### [Instructions to follow]
Leaving out the images, please reproduce each line below exactly.

### [Data extract]
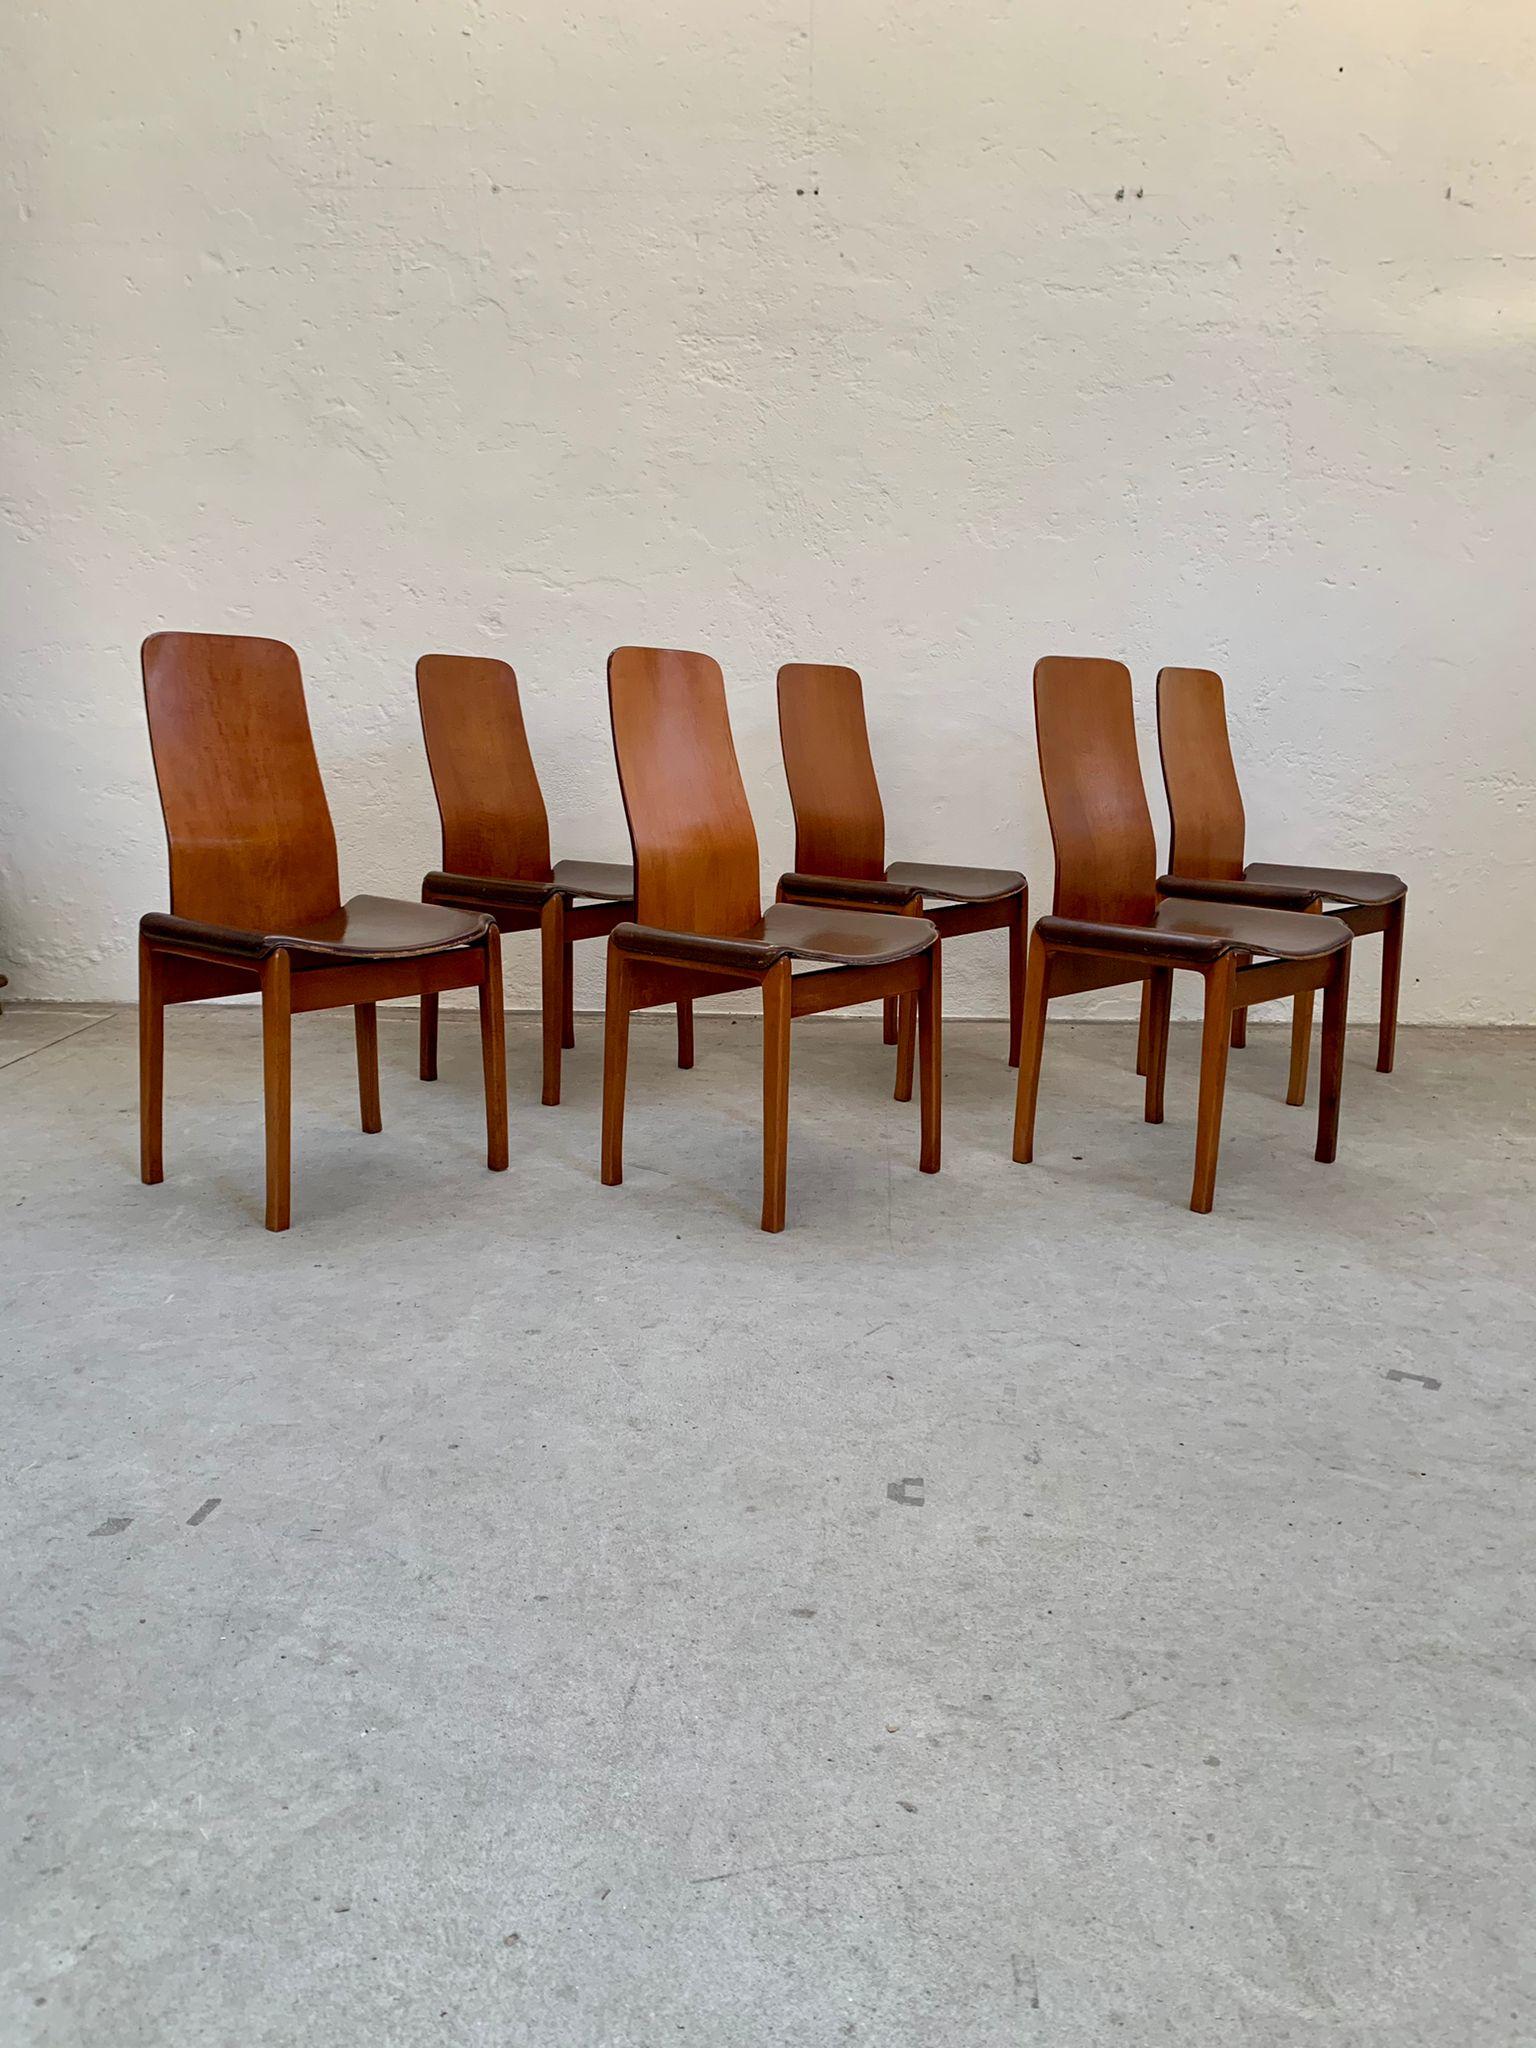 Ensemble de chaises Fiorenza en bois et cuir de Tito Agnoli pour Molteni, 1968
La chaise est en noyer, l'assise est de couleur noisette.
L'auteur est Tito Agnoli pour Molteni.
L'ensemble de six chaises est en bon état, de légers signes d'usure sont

### [Response below]
 Ensemble de chaises Fiorenza en bois et cuir de Tito Agnoli pour Molteni, 1968
La chaise est en noyer, l'assise est de couleur noisette.
L'auteur est Tito Agnoli pour Molteni.
L'ensemble de six chaises est en bon état, de légers signes d'usure sont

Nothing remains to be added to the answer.